I drew strength from gazing at photos of my family and drawings from my little cousins in the middle of difficult times day or night.

Brainstorming with my daughter Alana, who at the time was a Wash U student and volunteer in the pediatric Oncology/Hematology Department at Children’s in St Louis about art therapy projects she could do with her patients and then getting to do those same activities with her in my room afterwards.

Never being alone for Shabbat, or any Jewish holiday for that matter. Someone was always with me and we joined with family and friends via SKYPE, sometimes repeating b’rakhas due to different time zones. The electric pair of Shabbat candlesticks that the hospital provided for me whose incandescent bulbs cast a brilliant warmth that even the nurses loved and looked forward to each week.

Finding High Holiday clips on YouTube with the same inspiring melodies we sing in our Minyan.

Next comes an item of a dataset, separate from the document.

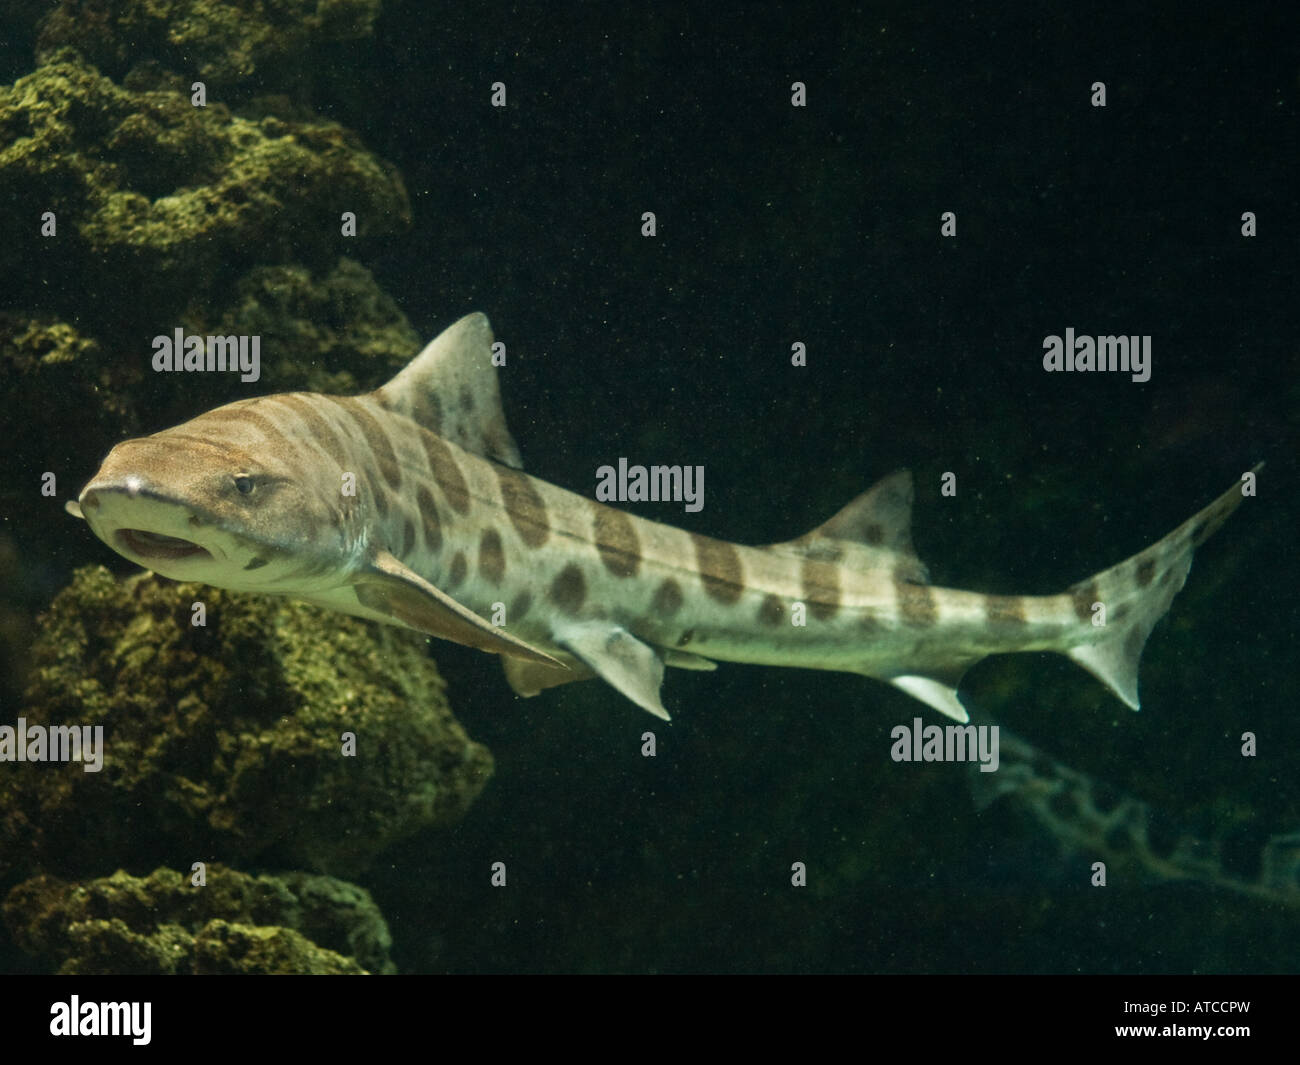 Na-na ... na-na ... na-na ... insérer ici musique requins effrayants pour ce requin léopard. Banque D'Images

The Sukkah I could see from my hospital room window being built in the covered courtyard below was so absolutely inspiring and provided me with a real feeling of normalcy and connection to life outside of the hospital and better yet, being able to go in to the Sukkah last year during one of my check-ups.

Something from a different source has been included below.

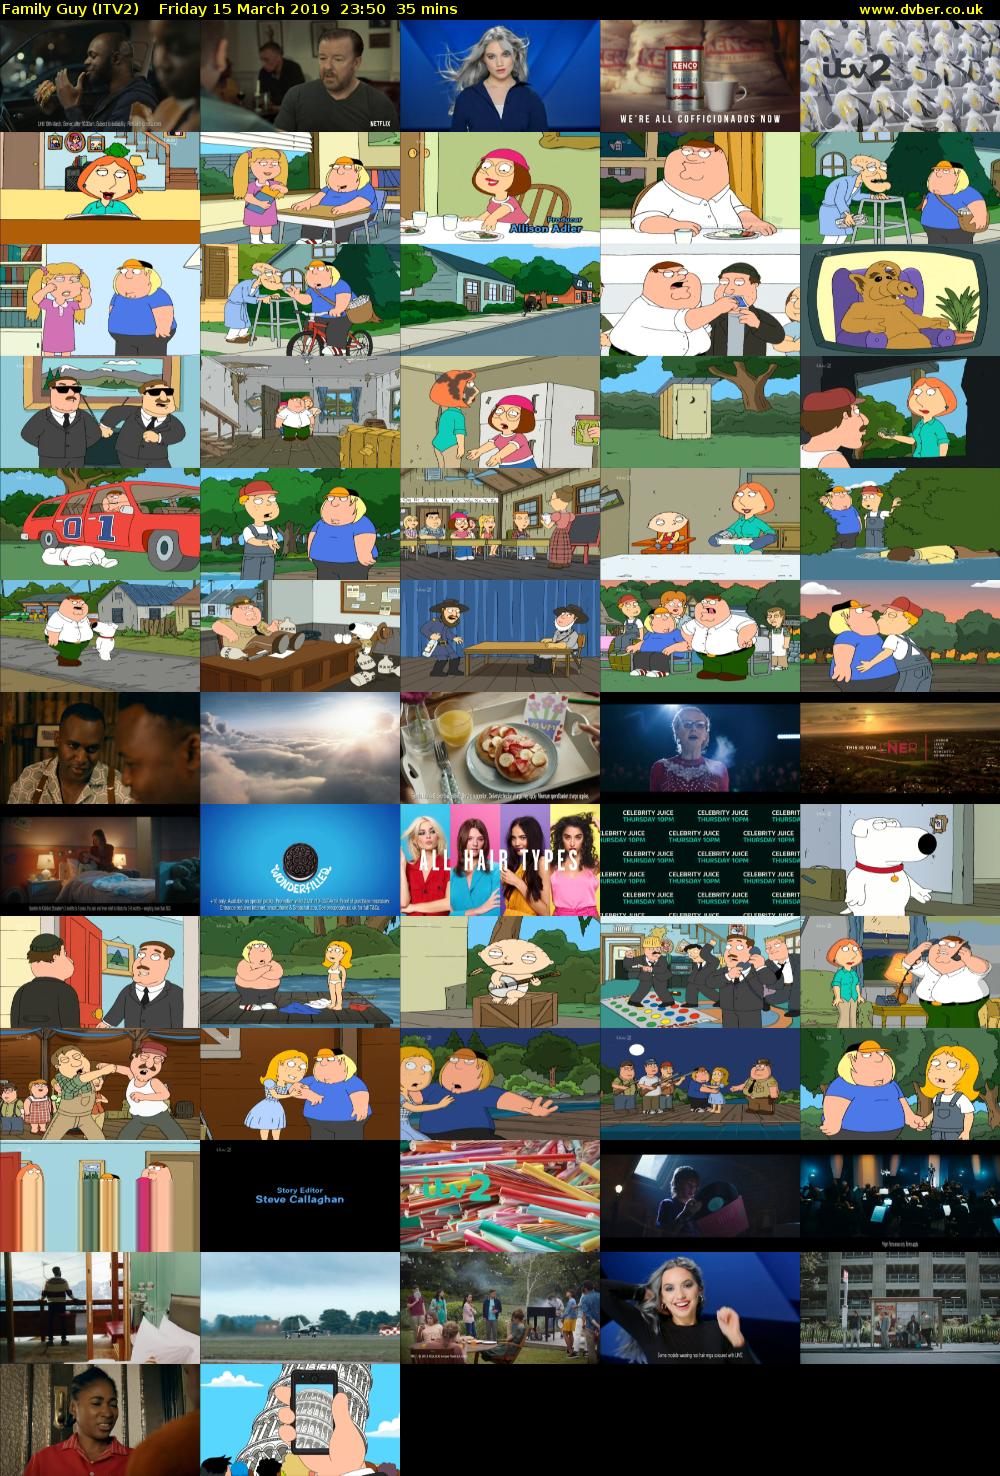 Family Guy (ITV2) Friday 15 March 2019 23:50 - 00:25

The Hospital Rabbi Dale Schreiber who seemed to appear at just the right moment and always have something engaging and distracting to discuss.

My cousin Yaira who had for several years contemplated what she would wish for on her 11th birthday at 11:11am deciding that instead of wishing for something for her wished for my health and strength.

The noisy helicopter shuttling back and forth from the hospital roof was a constant reminder that people were working to bring life saving stem cells, organs or hospital care to those in need.

Just knowing that so very many people cared and reached out in so many different ways.

In preparation for the 20th Annual Patient Celebration, I was asked to be part of a video to be shown at the Gala to talk about how I felt to be able to meet my donor. I said that it is not possible to put ‘thanks’ into words and that the only thing that I can do to thank my donor and everyone, is to be here another day so I can somehow ‘give back’ to my family, my community to the world.

At this same time, a PBS producer from Florida started to work with one of my physicians to bring awareness to the desperate need for Stem Cell Donors and is currently involved in making a documentary titled ‘ Whatever Happened to the War?’ That is of course ‘The War on Cancer’ coined by Reagan. The opening scene of this documentary will be me meeting my donor this past August and the closing scene will be the 21st Annual Patient Celebration Gala in August 2014. I definitely plan to attend!

Sometimes it happens that someone begins to tell me of a difficulty that they are having and they stop and interject that their difficulty pales in comparison to what I have experienced. I am quick to correct them and remind them that we all come across hurdles and it is not the ‘height’ of the hurdle that deems it more or less significant to ‘clear’ and that collectively, as part of our caring community we can ensure that each of us helps the other to continue along our individual journeys together.

I want to thank you all and for all to know how you have so positively impacted myself and my family and to remind ourselves that such seemingly small gestures such as a smile, a wave or a friendly greeting, can be the spark for an interaction that positively affects some one for the moment, the day, or for the course of his or her life. G’mar Chatimah Tovah, May you be sealed in the Book of Life!